Song by Stan Rogers

from the album Northwest Passage
- Released: 1981
- Recorded: 1981
- Genre: Folk, Contemporary folk, Sea shanty
- Length: 4:45
- Label: Fogarty's Cove Music
- Songwriter: Stan Rogers

= Northwest Passage (song) =

"Northwest Passage" is one of the best-known songs by Canadian musician Stan Rogers. The original recording from the 1981 album of the same name is an a cappella song, featuring Rogers alone singing the verses, with his younger brother Garnet Rogers, David Alan Eadie and Chris Crilly harmonizing with him in the chorus.

==Background==
While it recalls the history of early explorers who were trying to discover a route across Canada to the Pacific Ocean (especially Sir John Franklin, who lost his life in the quest for the Northwest Passage), the song’s central theme is a comparison between the journeys of these past explorers and the singer's own journey across Canada. The singer ultimately reflects that, just as the quest for a northwest passage might be considered a fruitless one (in that a viable and navigable northwest passage was never found in the days of Franklin and his kind), a modern-day journeyer along similar paths might meet the same end. The song also references the geography of Canada, including the Fraser River ("to race the roaring Fraser to the sea") on the western coast, the Beaufort Sea to the north and the Davis Strait to the east. He is driving across the Prairies, allowing him to view cities behind him fall and cities ahead rise.

==Lyrics==
The narrator states that he is taking "passage overland in the footsteps of brave Kelso" three centuries after. This refers to Henry Kelsey, an English explorer and trader apprenticed to the Hudson's Bay Company in 1684, who was commissioned to explore the prairies in response to the competition posed by French Traders. Rogers confessed in an interview in 1982 that during the writing of the song, he had not been sure of Kelsey's name, and had guessed it was Kelso when recording the song. The lines "To find the hand of Franklin reaching for the Beaufort Sea" and "seeking gold and glory, leaving weathered broken bones/and a long-forgotten lonely cairn of stones" commemorate the Franklin expedition.

==Legacy==
The song appears on an album of the same name released by Rogers in 1981, and is considered one of the classic songs in Canadian music history.

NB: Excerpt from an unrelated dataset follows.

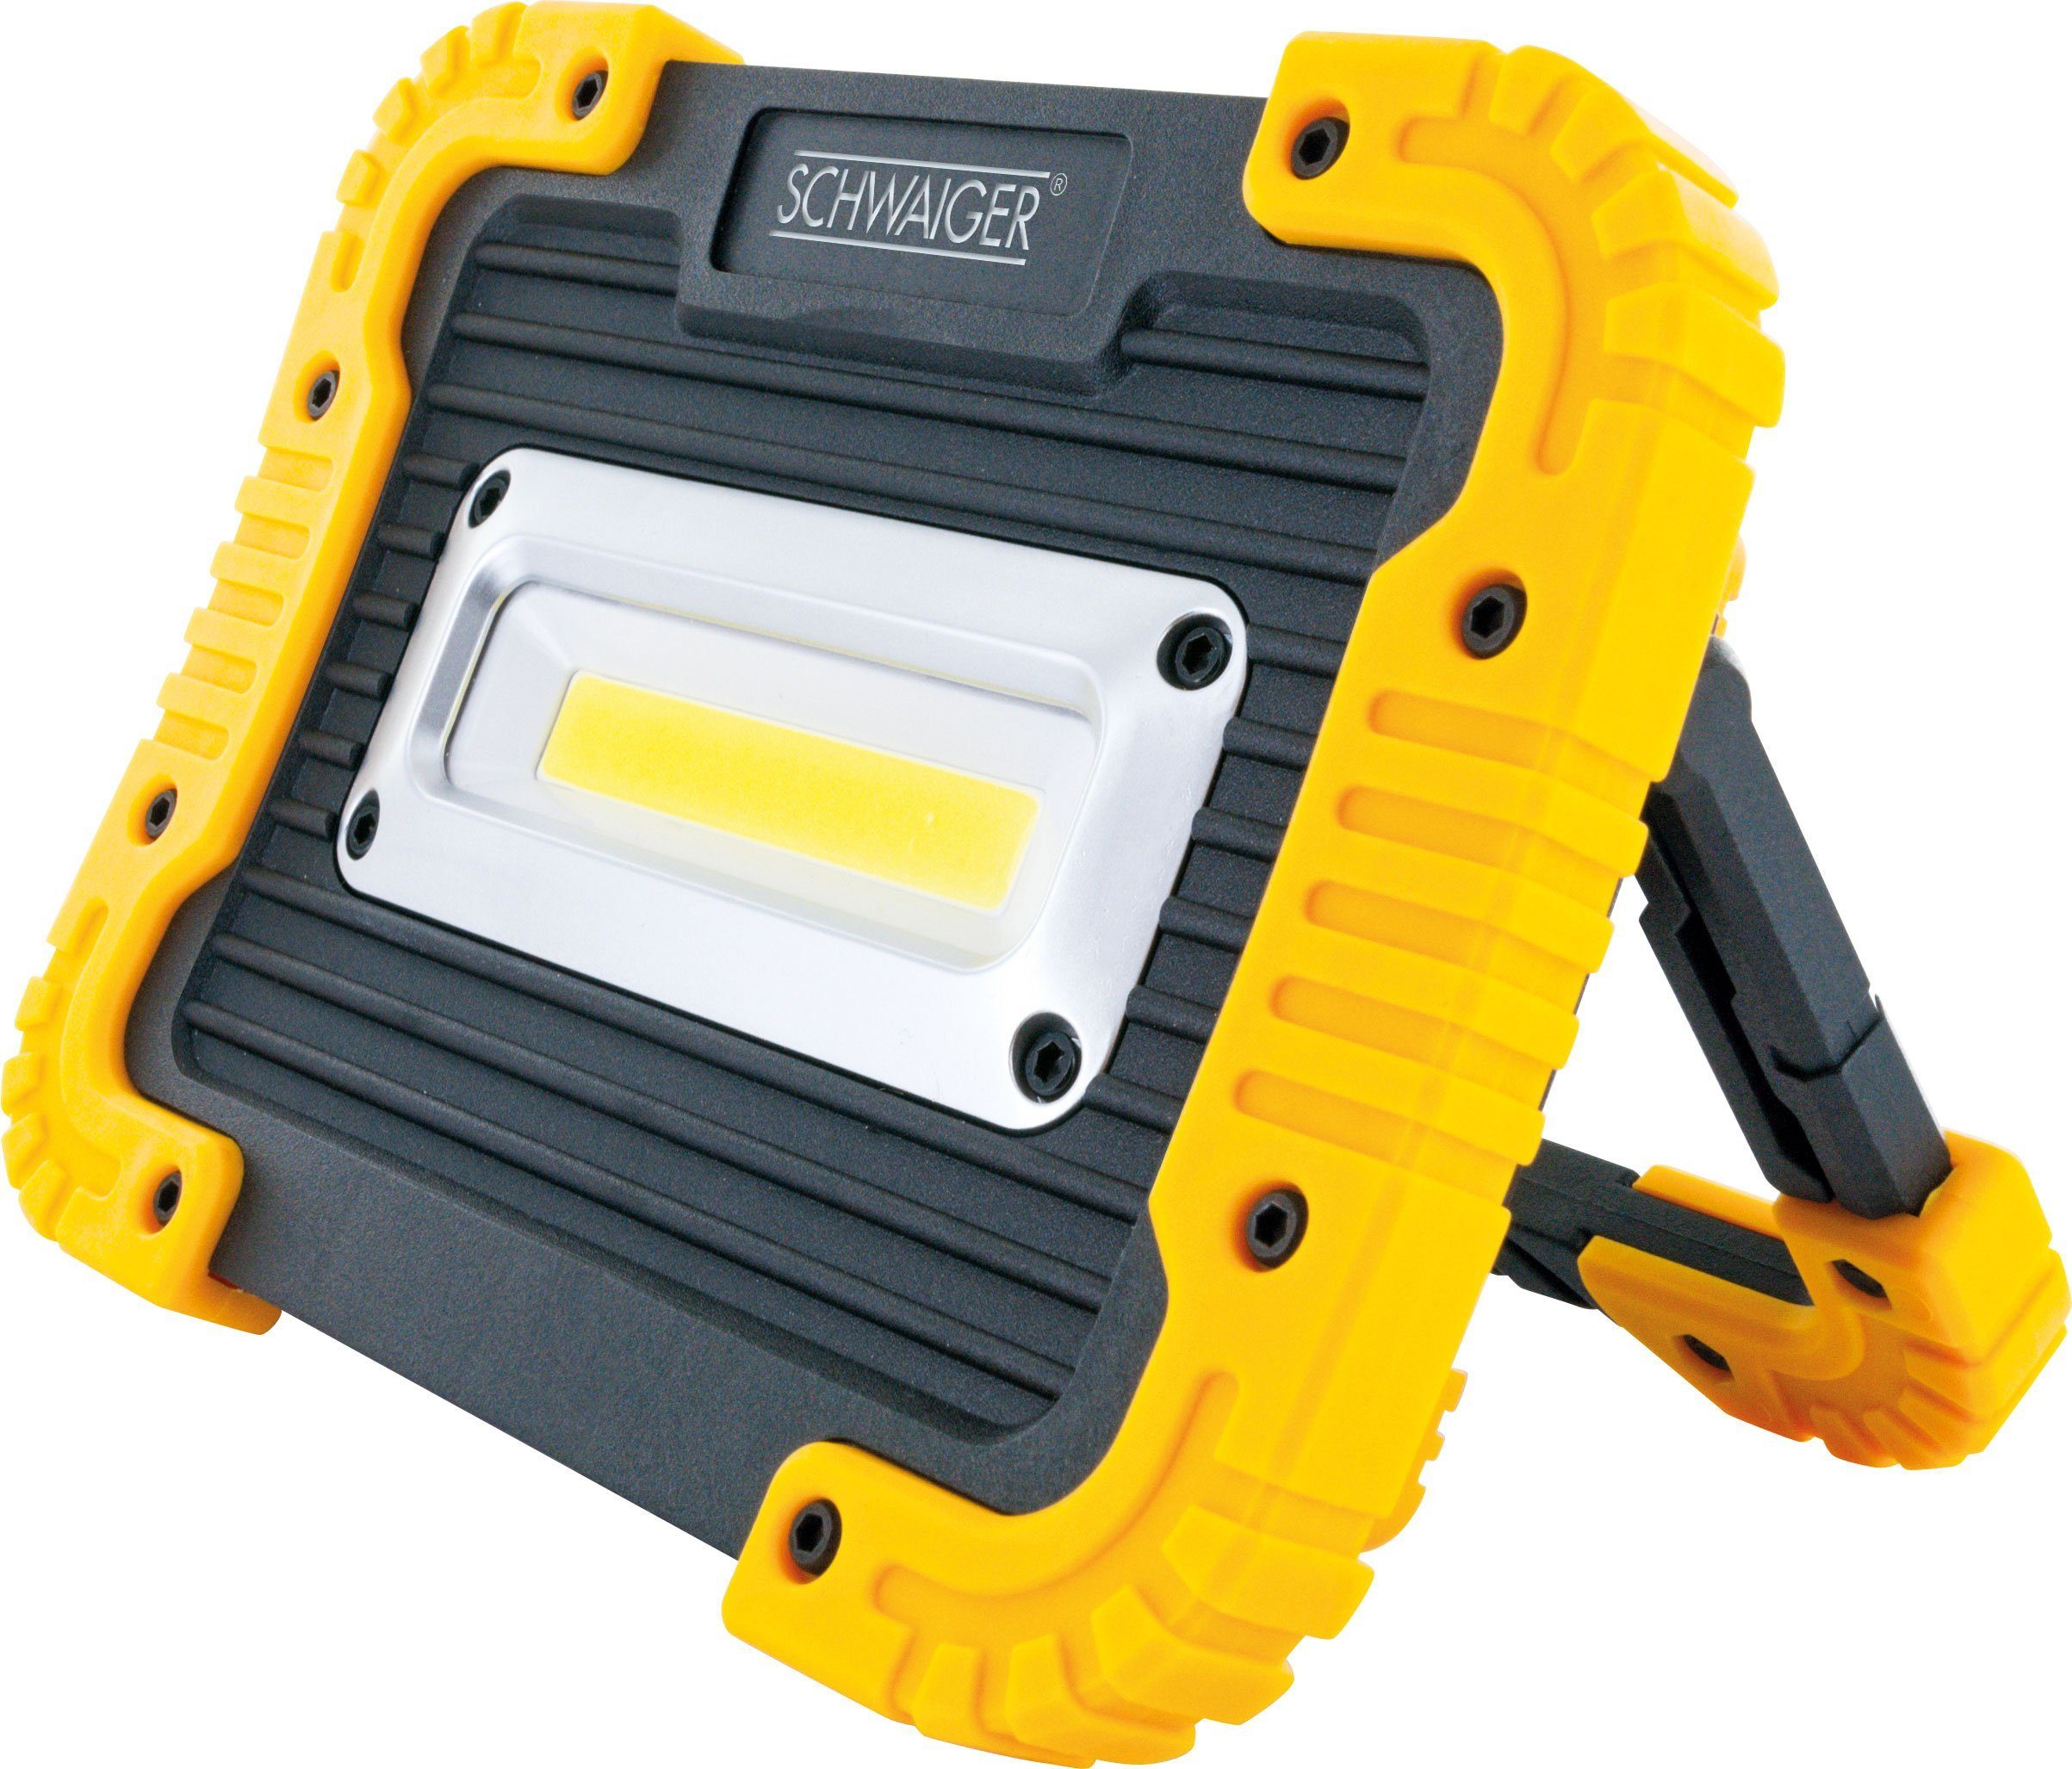 Schwaiger LED Arbeitsleuchte WLED90 513, COB-LED, Weiß, mehrstufig einstellbarer Standfuß, batteriebetrieben

When Peter Gzowski of CBC's national radio program Morningside asked Canadians to pick an alternative national anthem, "Northwest Passage" was the overwhelming choice of his listeners. In the 2005 CBC Radio One series 50 Tracks: The Canadian Version, "Northwest Passage" ranked fourth, behind only Neil Young's "Heart of Gold", Barenaked Ladies' "If I Had $1,000,000" and Ian and Sylvia's "Four Strong Winds". It has been referred to as one of Canada's unofficial anthems by former Prime Minister Stephen Harper, and former Governor General Adrienne Clarkson quoted the song both in her first official address and in her speech at the dedication of the new Canadian embassy in Berlin.

==Releases and covers==
The song also appeared in the final episode of the television series, Due South, and has been covered in acoustic form by the British duo Show of Hands on their album Cold Frontier. Show of Hands do not perform the song a capella but use guitar and violin to provide musical backing. It also appeared on the episode "Buried in Ice" of the PBS series NOVA about the discovery of gravesites belonging to members of the Franklin Expedition. The exhumation and study of the bodies revealed that the crew of the Franklin Expedition suffered from lead poisoning, possibly contributing to the catastrophic failure of the men to survive, although a more recent study suggested zinc deficiency as a more likely cause of their deaths.

The song was used on October 9, 2007 by the BBC World Service's World Today programme during a story about the expansion of Canada's efforts to confirm its sovereignty over the Arctic region through which the Northwest Passage runs.

Artist Matt James used the lyrics to accompany his illustrations for a children’s book that received a 2013 Governor General’s Literary award.

The Canadian power metal band Unleash the Archers made a cover of the song, it was released on the EP Explorers.

American a cappella group Home Free made a cover of the song, featuring Seán Dagher. it was released on their sea shanty album Challenge the Sea. They frequently use the song as an encore to close their concerts in their Highways and High Seas 2026 tour.